Complex karyotypes, defined as three or more unrelated chromosomal abnormalities, have a markedly adverse prognostic impact in adults but appear less uniformly adverse in children. Studies suggest that the prognostic significance of karyotype complexity in pAML is influenced by the specific pattern of abnormalities rather than complexity alone. In contrast, monosomal karyotypes, characterized by multiple autosomal monosomies or a monosomy with additional structural abnormalities, are consistently associated with very poor outcomes in children, particularly when accompanied by hypodiploidy.
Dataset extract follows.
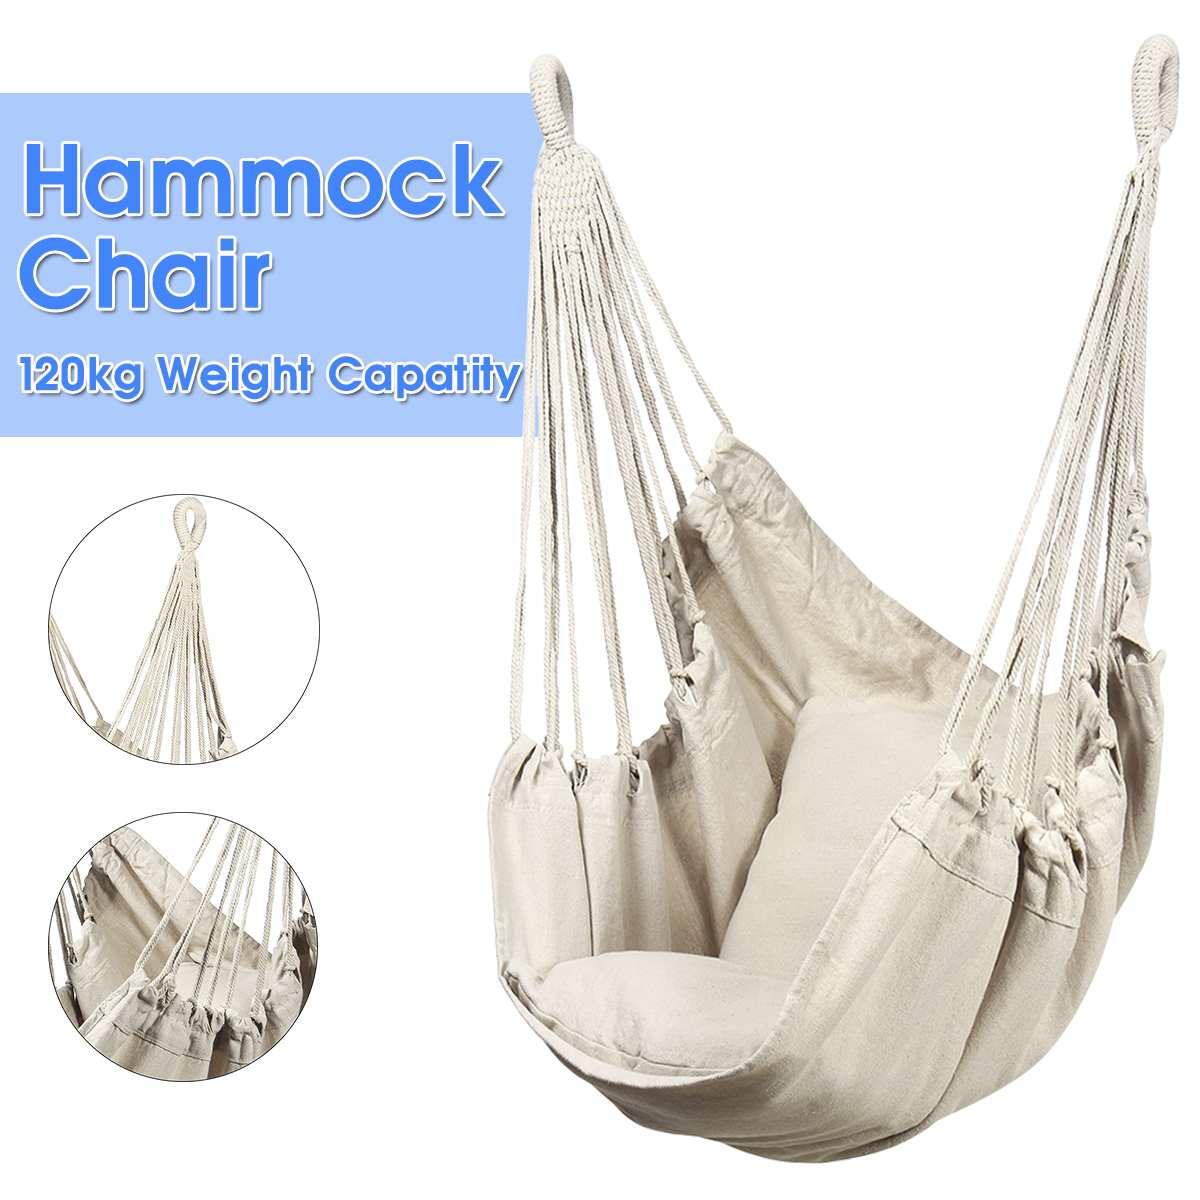 Instyle Swing Seat Hammock Chair Swing Chair Patio Swing Outdoor Garden Hanging Chair Travel Camping Hammock Silla Colgante
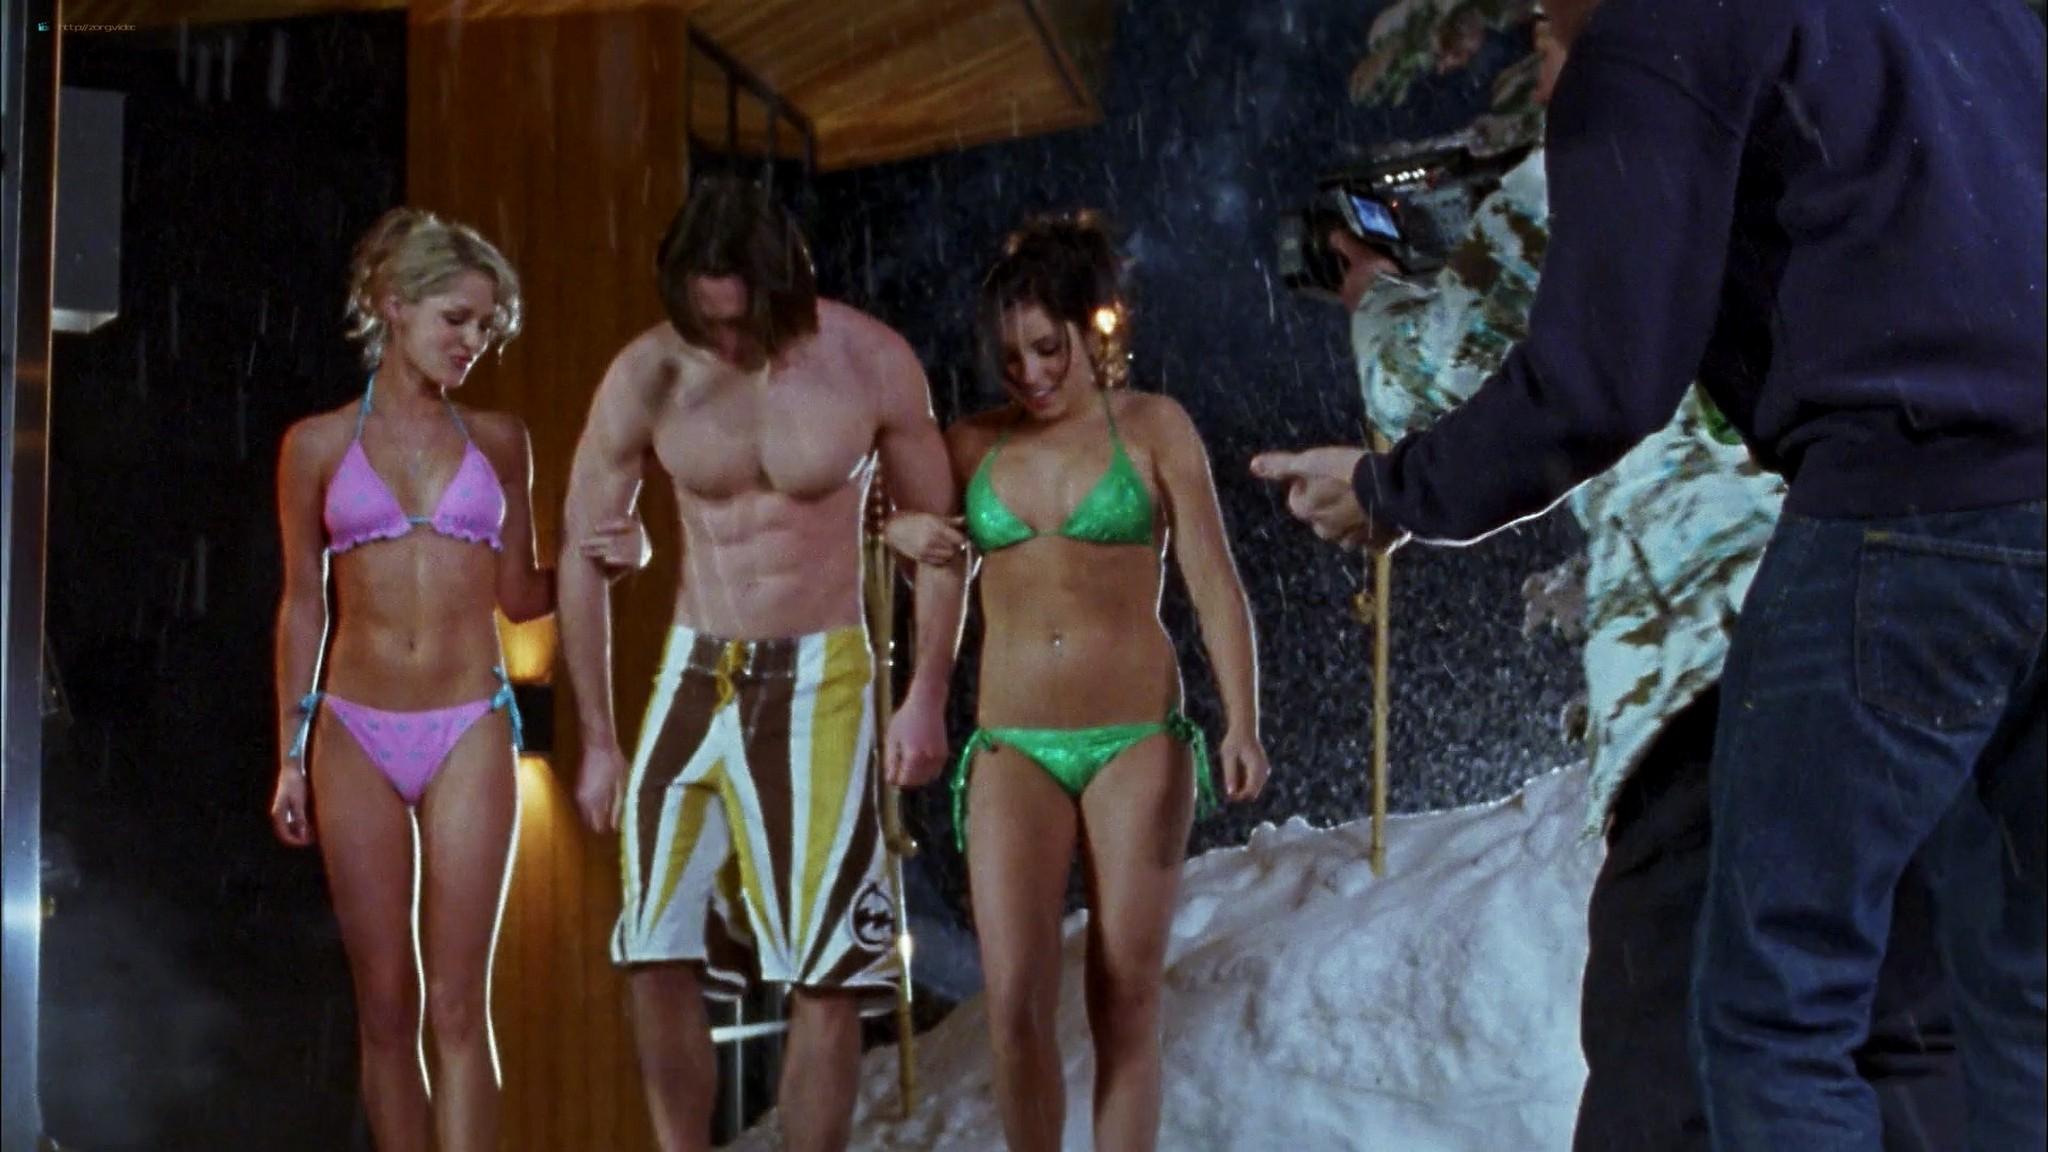 Lindsay Maxwell nude Amber Borycki sexy - Revenge of the Boarding School Dropouts (2009) HD 1080p Web (15)

Large international studies have demonstrated that specific cytogenetic abnormalities at diagnosis also predict outcomes after hematopoietic stem cell transplantation in poor-risk pAML. Children with certain high-risk cytogenetic features have lower relapse rates and improved leukemia-free survival following transplant, emphasizing the role of cytogenetics in transplant decision-making.
In conclusion, cytogenetic analysis is indispensable in pediatric AML for accurate diagnosis, classification, prognostic stratification, and treatment planning. Pediatric AML is biologically distinct from adult AML, with a higher frequency of balanced chromosomal rearrangements and generally more favorable outcomes. Continued refinement of cytogenetic and molecular risk stratification will further improve personalized therapy and long-term survival for children with AML.